- Born: November 30, 1931 Los Angeles, California, U.S.
- Died: May 21, 1989 (aged 57) Berkeley, California, U.S.
- Education: Los Angeles County Art Institute Academy of Fine Arts Vienna
- Occupations: Children's writer; Illustrator;
- Spouse: Harvey Fischtrom
- Children: 4, including Kaethe Zemach
- Writing career
- Genre: Children's literature
- Notable work: Duffy and the Devil
- Notable awards: Caldecott Medal (1974)

= Margot Zemach =

American children's illustrator and writer (1931 – 1989)

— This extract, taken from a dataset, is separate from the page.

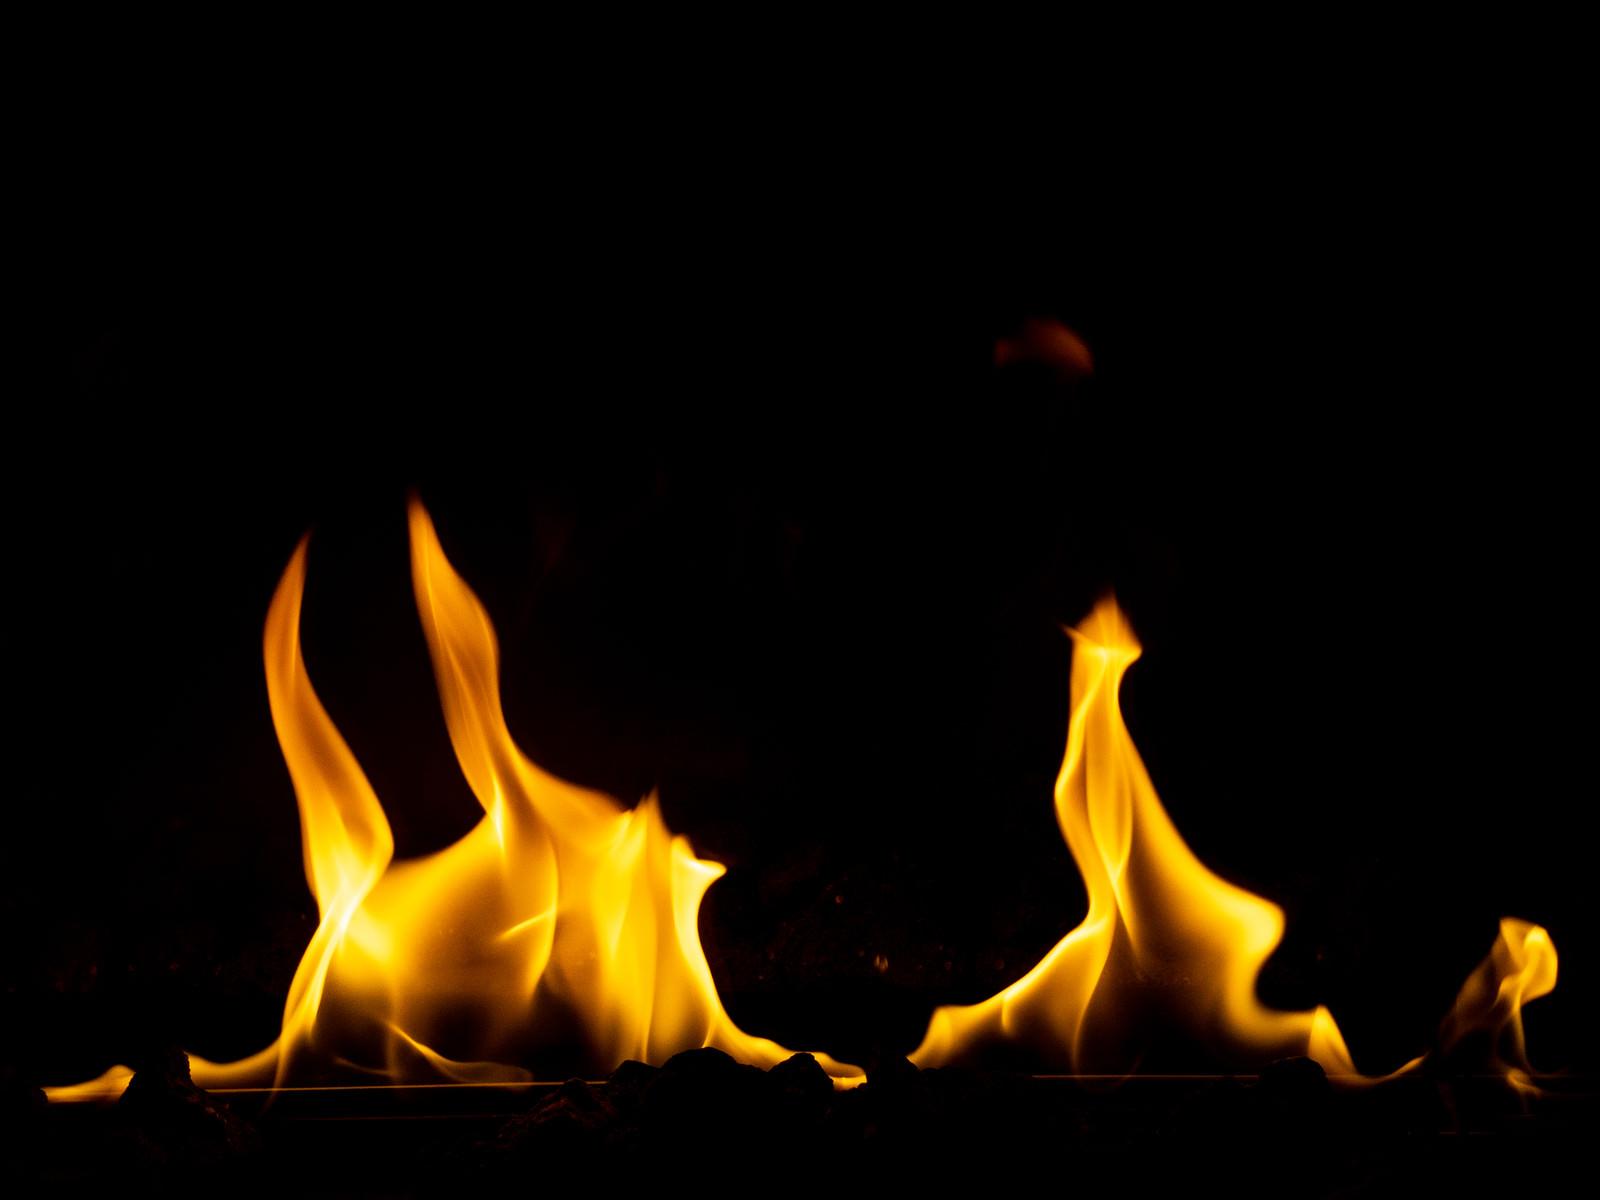 「燃え広がる炎 」の写真

Margot Zemach (November 30, 1931 – May 21, 1989) was an American illustrator of more than forty children's books, some of which she also wrote. Many were adaptations of folk tales from around the world, especially Yiddish and other Eastern European stories. She and her husband Harvey Fischtrom, writing as Harve Zemach, collaborated on several picture books including Duffy and the Devil for which she won the 1974 Caldecott Medal.

==Life==

Margot Zemach was born in Los Angeles. Her mother was an actress and her step-father was a director, so she grew up surrounded by the theater. When she was growing up there during the Great Depression, she used drawing to make people laugh but she never had enough paper. She studied at the Los Angeles County Art Institute and, on a Fulbright Scholarship in 1955–1956, at the Academy of Fine Arts Vienna in Austria.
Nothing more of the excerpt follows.